Vscan relevant counters are categorized as follows:
offbox_scan_status: Collected in dblade per-node basis. Available in the diag mode.
offbox_vscan: Collected in nblade per Vserver basis. Available in the admin mode.
offbox_vscan_server: Collected in nblade per [Vserver, server, node] basis. Available in the diag mode. This contains basic stats collected from the Vscan server.
offbox_scan_status counters on a per-node basis are used to monitor the rate of Vscan server requests that are dispatched and received per second, and the server latencies specific to that physical node.
offbox_vscan counters on a per SVM basis are used to monitor the rate of Vscan.
Server requests are dispatched and received per second, and the server latencies are across all Vscan servers.
offbox_vscan_server counters are Vscan server-side utilization statistics. These statistics are tracked on a per SVM, per off-box Vscan server, and per-node basis. They include CPU utilization on the Vscan server; queue depth for operations to be scanned on the Vscan server, both current and maximum; memory used; and network used.
These statistics are forwarded by Antivirus Connector to the statistics counters within Data ONTAP. They are based on data that is polled every 20 seconds and must be collected multiple times for accuracy; otherwise, the values seen in the statistics reflect only the last polling. CPU utilization and queues are particularly important to monitor and analyze. A high value for an average queue can indicate that the Vscan server has a bottleneck.
How do Data ONTAP Vscan counters look from a high-level perspective?
- Antivirus Software:
The antivirus software is installed and configured on the Vscan server to scan files for viruses or other malicious data. The antivirus software must be compliant with clustered Data ONTAP. Specify the remedial actions to be taken on infected files in the configuration of the antivirus software.
- Antivirus Connector:
Antivirus Connector is installed on the Vscan server to process scan requests and provide communication between the antivirus software and the server virtual machines (SVMs; formerly called Vservers) in the storage system running clustered Data ONTAP.
This is where the SVMVserver resides. This holds the specific Vscan configuration for each specific Vserver.
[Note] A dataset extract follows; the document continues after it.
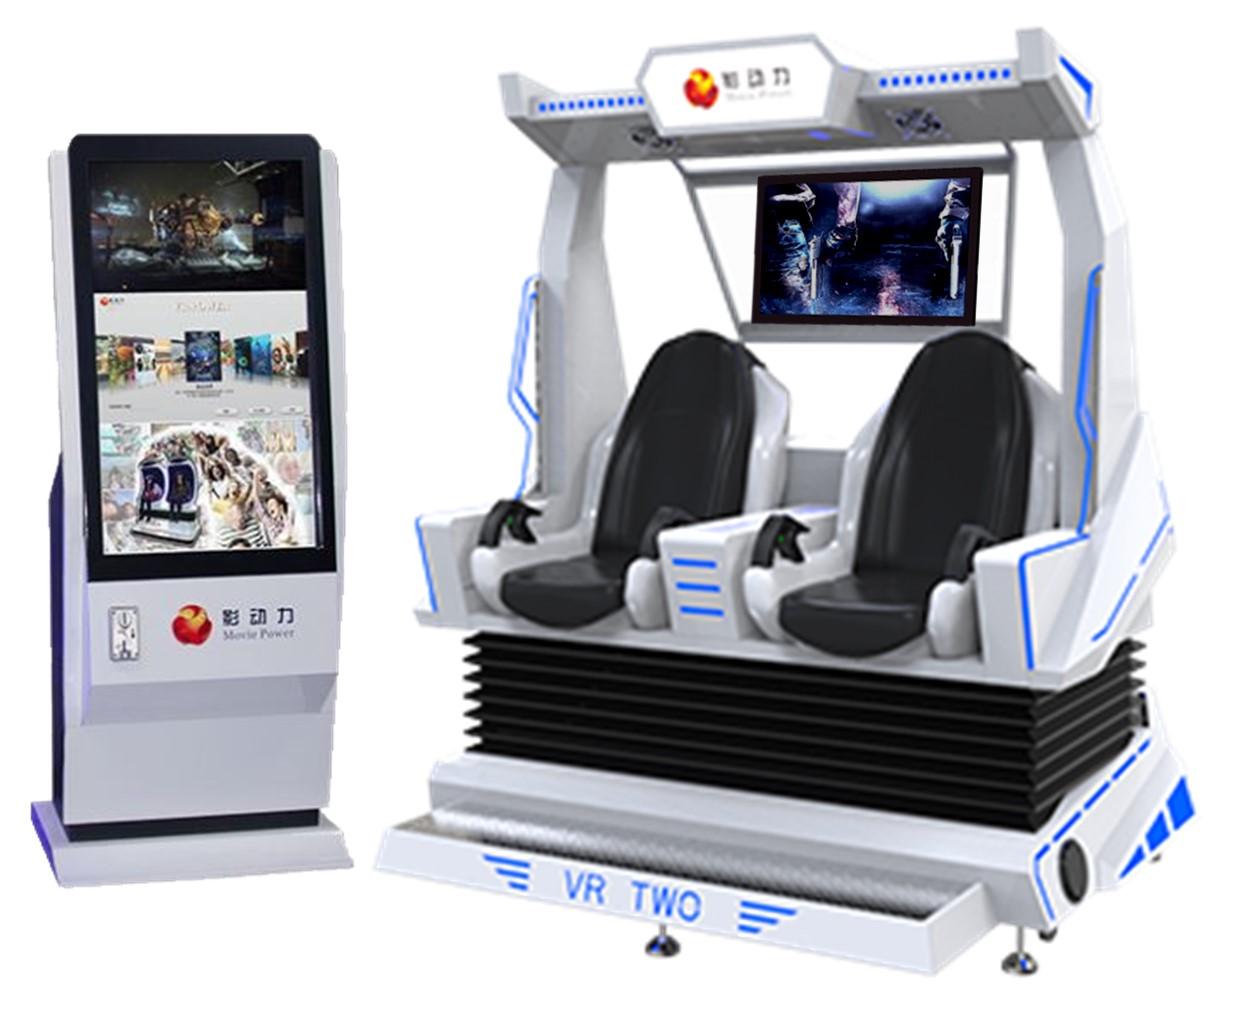 vr two + monitor + control desk

This spans the whole cluster.
Where are Data ONTAP offbox_vscan overall and server counters?
They will usually be collected in a perfstat.
Or collected manually:
cifs_tbs2::*> statistics start -object offbox_scan_status -sample-id vscan1
Statistics collection is being started for Sample-id: vscan1
cifs_tbs2::*> statistics start -object offbox_vscan -sample-id vscan2
Statistics collection is being started for Sample-id: vscan2
cifs_tbs2::*> statistics start -object offbox_vscan_server -sample-id vscan3
Statistics collection is being started for Sample-id: vscan3
Where can I get descriptions of what these counters mean?
Run the following commands:
::*> statistics catalog counter show -object offbox_scan_status
::*> statistics catalog counter show -object offbox_vscan
::*> statistics catalog counter show -object offbox_vscan_server
For more information, see the following examples in the Additional Information section below:
- statistics catalog counter show -object offbox_scan_status.txt
- statistics catalog counter show -object offbox_vscan_server.txt
- statistics catalog counter show -object offbox_vscan.txt
How can I gauge the health of the Vscan server and Vscan Engine using these counters?
scanner_stats_* counters are gathered from the Vscan server through the AVSHIM. These can give us a general idea of the overall health of the Vscan server. These counters are provided to the AVSHIM and are usually a good representation of the previous 30 secs.
Each of those counters measures as follows:
Represents the current state of
If the value is 1, there are currently 2000 pending requests in the queue.
||CPU utilization on the Vscan server. In case of multiple CPUs, the cumulative average should be provided.|
||Percentage of received scan requests that are dropped by the scanner|
An average queue of scan requests on the Vscan server.
It is the average of the last reported and the current calculated value of the pending request queue length in AVSHIM. So, if the last reported value was 50% and the current value is 60%, then the avg is 55%. The percentage is calculated by using the base of
||Percentage of total memory consumed on the Vscan server|
Note: AVSHIM has a global queue limit of 2000 requests, shared by all connections/Vservers. Since AVSHIM works on the pull-based mechanism, it will stop pulling requests from Data ONTAP, until slots are freed (after receiving confirmation of completion from the scan engine, AVSHIM will pull more requests. If there are more scanners connected to that node, then the scan-requests will be pulled by other Vscan servers.)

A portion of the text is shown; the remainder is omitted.